# Stackmat Timer Problem



## nitrocan (Sep 26, 2008)

I've had this problem for a while, and couldn't fix it. When I turn on the stackmat timer, I place my hands on it, the red light flashes, and just about when the green light is going to flash, everything on the screen goes crazy and it shuts itself down. I sometimes can make it start if I can let go of it just at the right time (Which just happens 1/100). Has anyone else encountered this problem before? Or should I just get a new one?


----------



## Neroflux (Sep 26, 2008)

sounds like you need a new battery.


----------



## masterofthebass (Sep 26, 2008)

^^ seconded

100% sure you need a new battery.


----------



## nitrocan (Sep 26, 2008)

That was a relief  Ok thanks.


----------



## CAT13 (Sep 26, 2008)

stackmat timers do weird things when you need a new battery. One time, my battery was almost dead, so the timer started counting really fast. So when I really got ~30 seconds at the time, it would say that I got ~45 seconds.


----------



## waffle=ijm (Sep 26, 2008)

yes its the battery


----------



## PCwizCube (Sep 26, 2008)

nitrocan said:


> I've had this problem for a while, and couldn't fix it. When I turn on the stackmat timer, I place my hands on it, the red light flashes, and just about when the green light is going to flash, everything on the screen goes crazy and it shuts itself down. I sometimes can make it start if I can let go of it just at the right time (Which just happens 1/100). Has anyone else encountered this problem before? Or should I just get a new one?

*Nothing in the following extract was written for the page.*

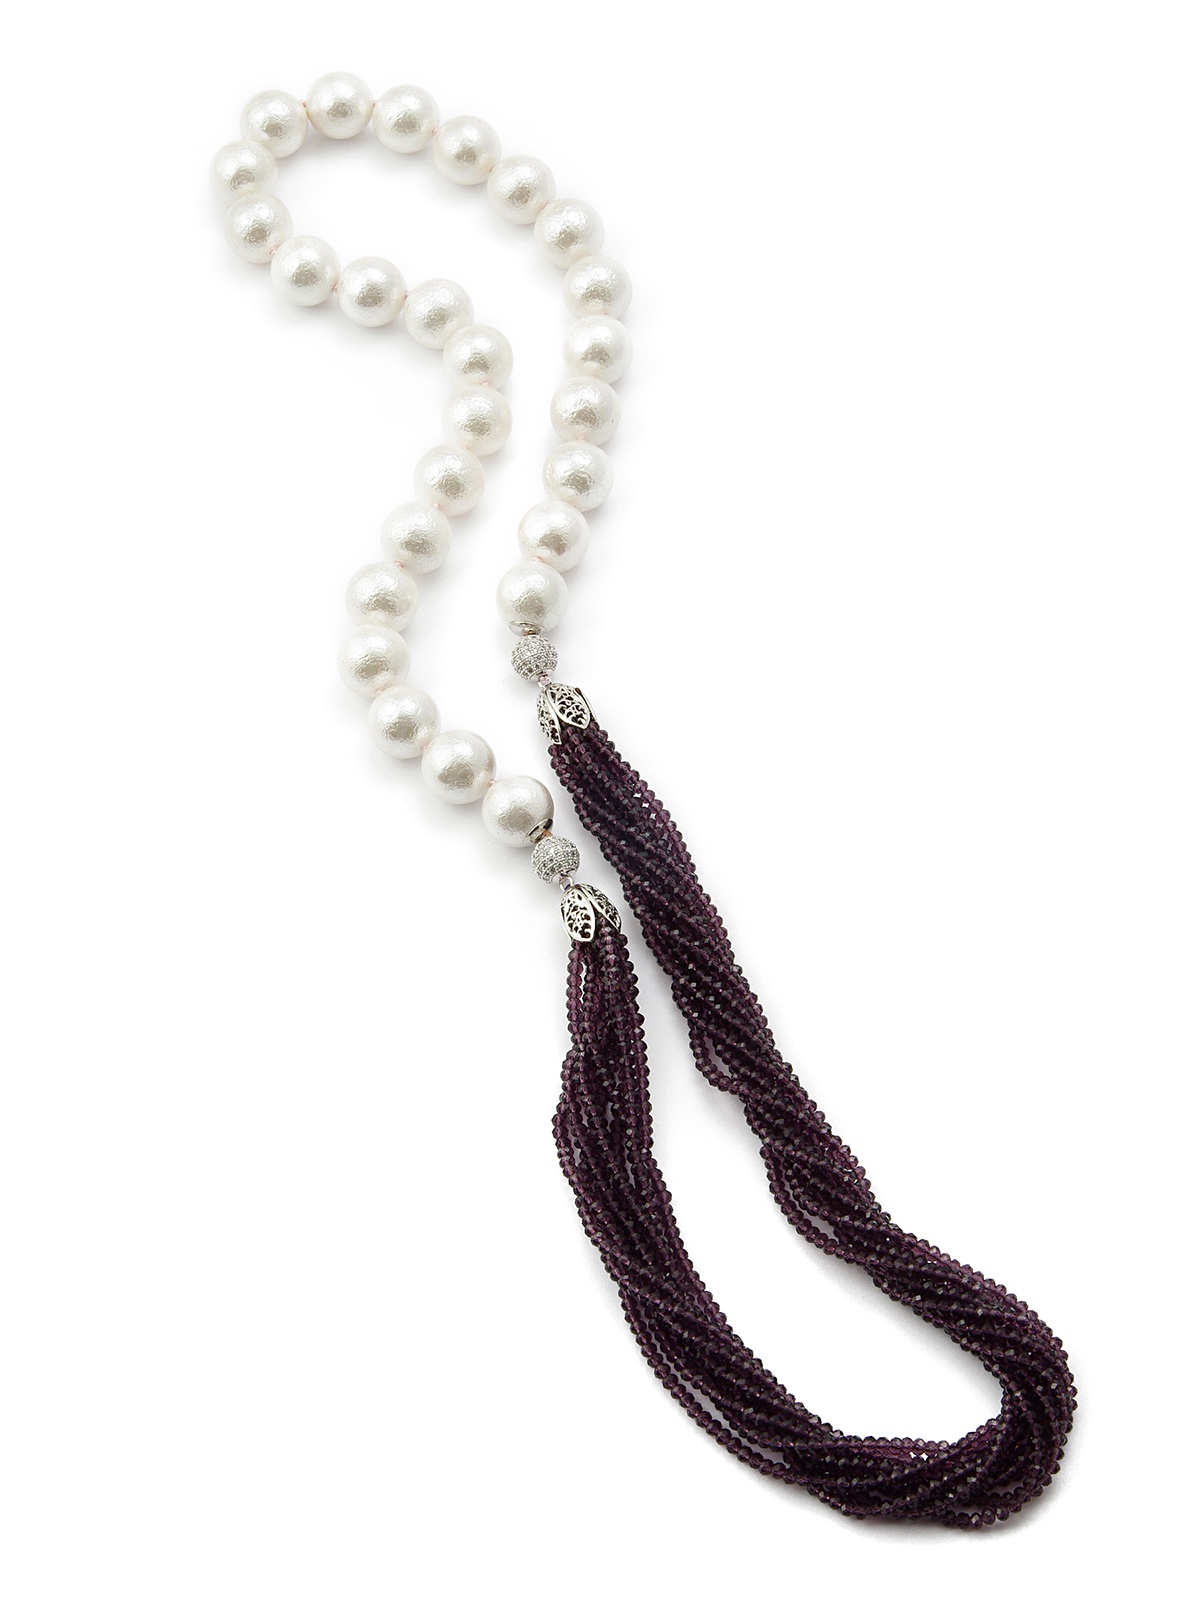 фото Колье/ожерелье бижутерное ЖемАрт с541-062, Искусственный жемчуг, Кварц, Бижутерный сплав, 85 см, белый, фиолетовый, серебристый

Please search the forums. The problem has already been brought up.
http://www.speedsolving.com/forum/showthread.php?t=4446&highlight=

And yes, it's the battery problem. Get a new battery.


----------



## a510592 (Nov 19, 2010)

So I just got my stackmat timer and I have a similar problem. When I put my hands on the timer, the red light comes on, then the green light just as it should, but when I let go to solve my cube the lights stay lit and the timer doesn't start counting. I turn off the power and turn it back on and it starts working again. This happens 50% of the time I use my timer. Any thoughts?


----------